Transmission line towers.

Image source: Getty Images.

Brace for impact on the power sector

Investors have already taken the impact of the coronavirus pandemic into account for coal miners such as Alliance Resource Partners (ARLP -0.21%). The coal producer was forced to idle certain mines, suspend its quarterly distribution, and significantly reduce full-year 2020 production guidance. Initially expecting output of about 36.5 million tons this year, the partnership now expects production of only about 28 million tons. 

That lines up with broader trends. For the week ending April 11, the country's year-to-date coal production was 18% lower than for the same period in 2019. The EIA expects U.S. coal production to decline 22% from 2019 to 2020, driven by lower domestic demand and declining opportunities for exports to the European Union and India as they deal with health crises of their own. 

Investors will also need to consider how the pandemic affects power generators and electric utilities. All will be impacted, but the geographic distribution of renewable energy potential and natural gas infrastructure -- likely to be the most resilient in the face of quickly declining electricity demand -- suggests the impacts could vary widely across the country. 

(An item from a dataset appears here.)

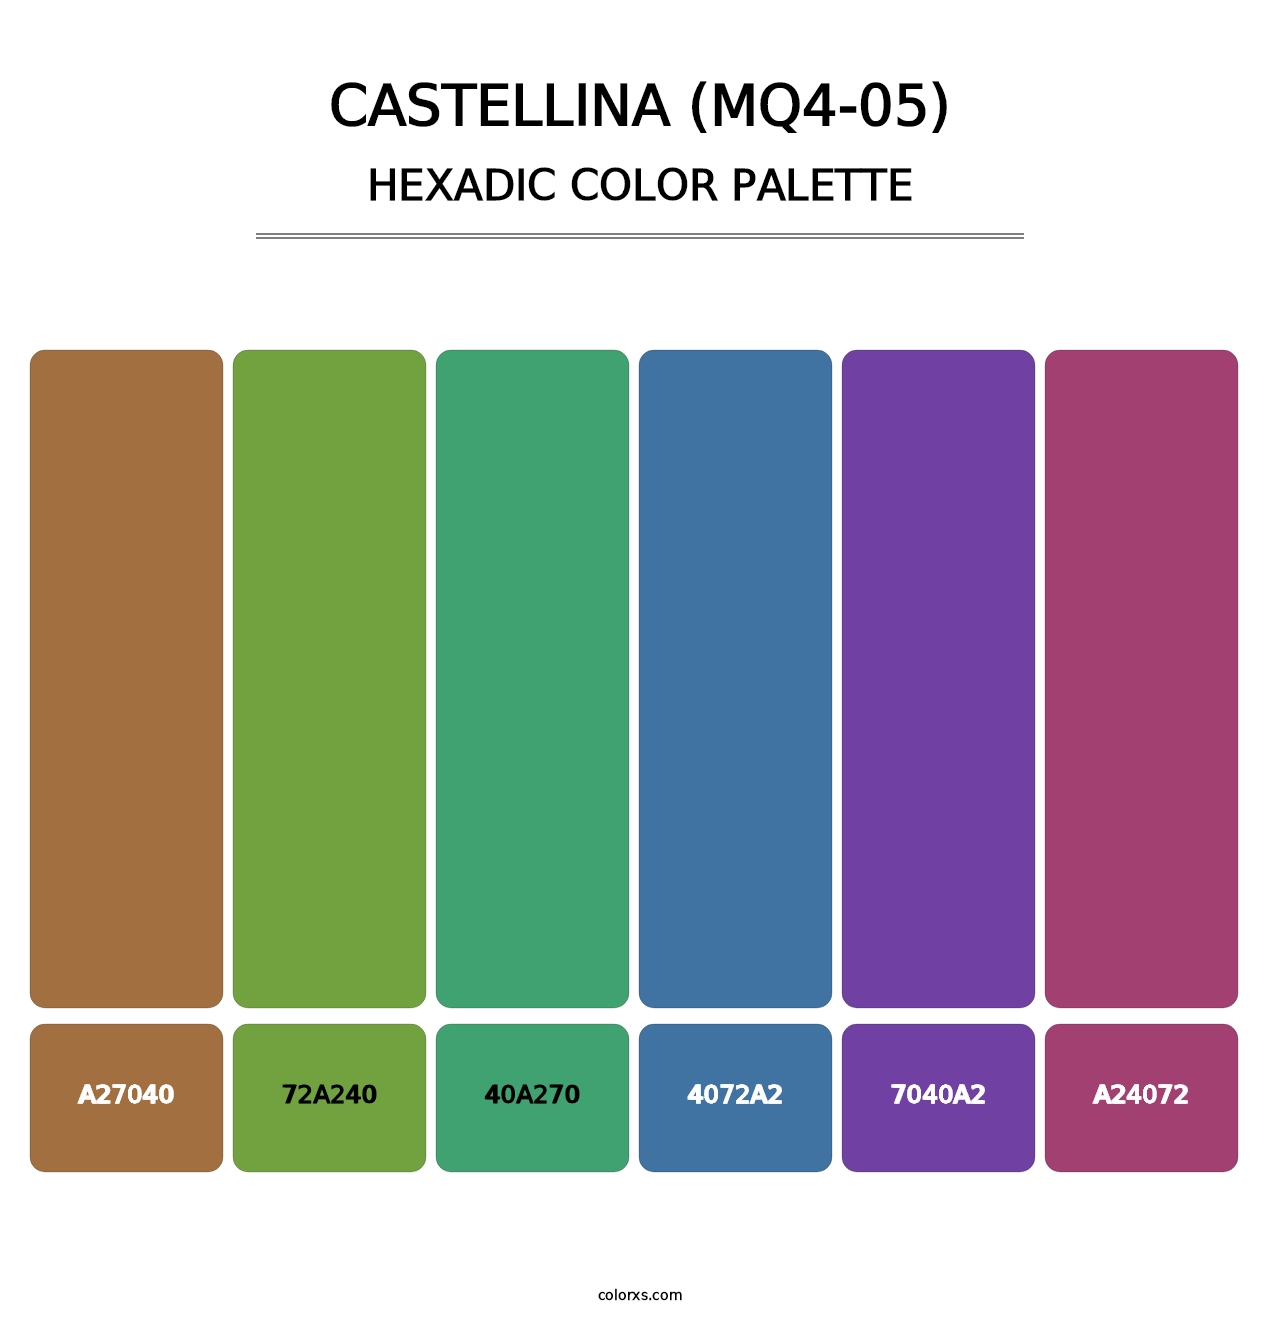 Castellina (MQ4-05) - Hexadic Color Palette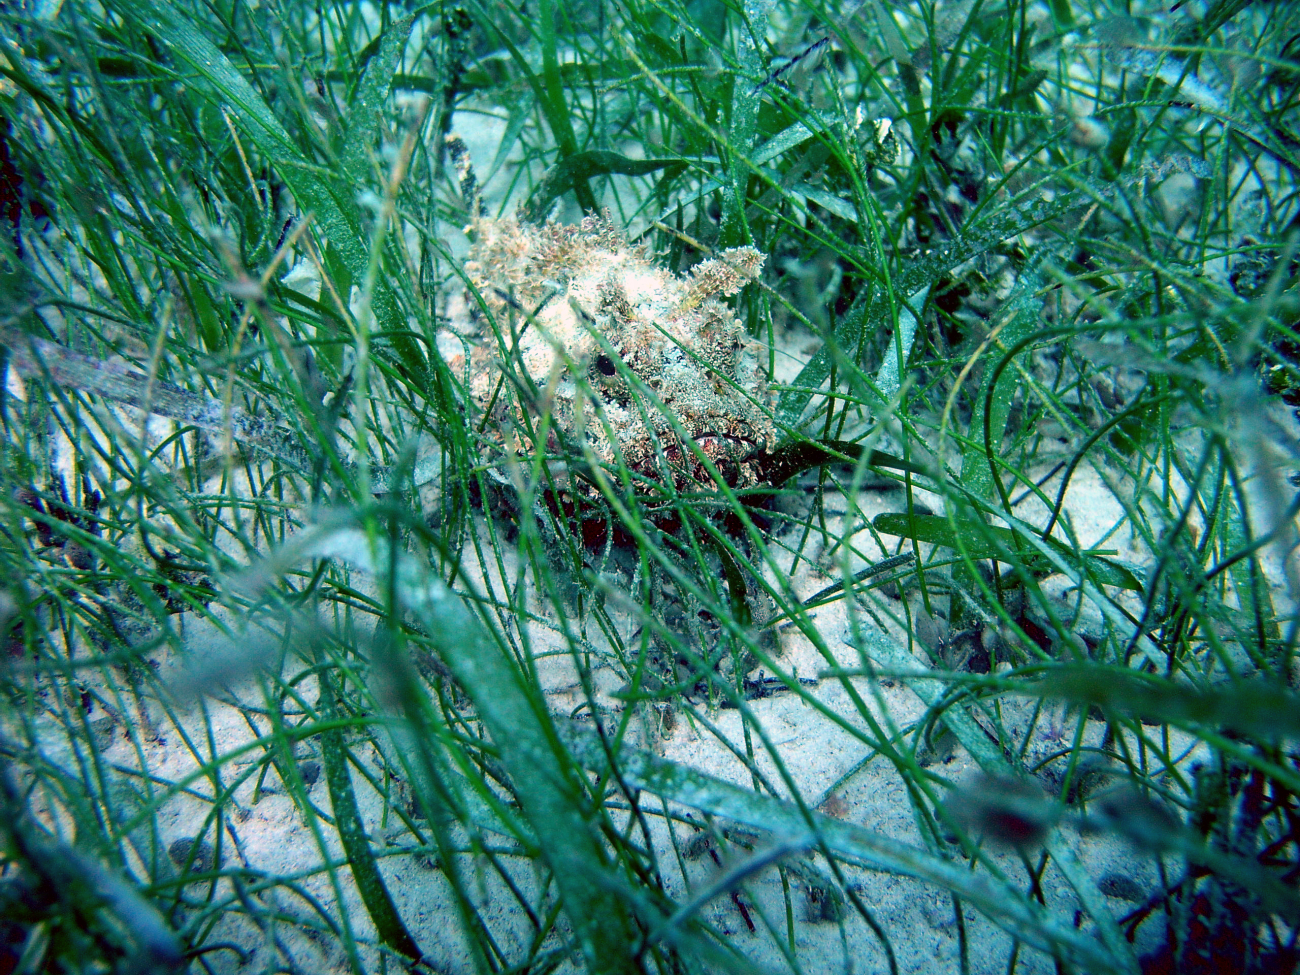 Spotted scorpionfish (Scorpaena plumieri) and manatee grassisoetifolium)

Energy companies that are heavily reliant on renewable energy and don't own many coal assets, such as NextEra Energy and Xcel Energy, might be a little more resilient during the power sector downturn of 2020. The same might apply to companies that lack access to high-quality renewable assets but moved quickly to transition away from coal and toward natural gas.

Take Dominion Energy (D -1.49%) as an example. Coal had a 52% share of the company's power mix in 2005, but just 12% in 2019. That suggests the business should be able to blunt economic risks compared to peers that are more reliant on coal.

Dominion Energy could also benefit from the customer mix of its leading electric utility, Dominion Energy Virginia, which is expected to contribute 47% of total earnings in 2020. The subsidiary leaned on commercial customers for roughly one-third of operating revenue in 2019. While electricity demand among commercial customers is expected to fall 4.7% in 2020 across the U.S., the utility sells nearly 30% of its commercial load to data centers -- a customer group that likely won't see waning demand during the pandemic. 

The main takeaway is that investors need to evaluate companies on a case-by-case basis rather than making broad generalizations for the industry.

Can coal recover from a terrible 2020?

The COVID-19 pandemic and policies to mitigate it are expected to significantly reduce total U.S. electricity demand. When combined with milder temperatures and surging capacity for renewable energy power sources, investors can expect coal-fired power plants to struggle in 2020. 

While an economic recovery in 2021 or 2022 would be accompanied by an increase in energy consumption, the market share gains made by renewable energy and natural gas might prove permanent, especially considering coal assets will be two or three years older by the time a recovery takes place. Simply put, America's coal fleet has had it rough in recent years, and it might not recover from the coronavirus pandemic.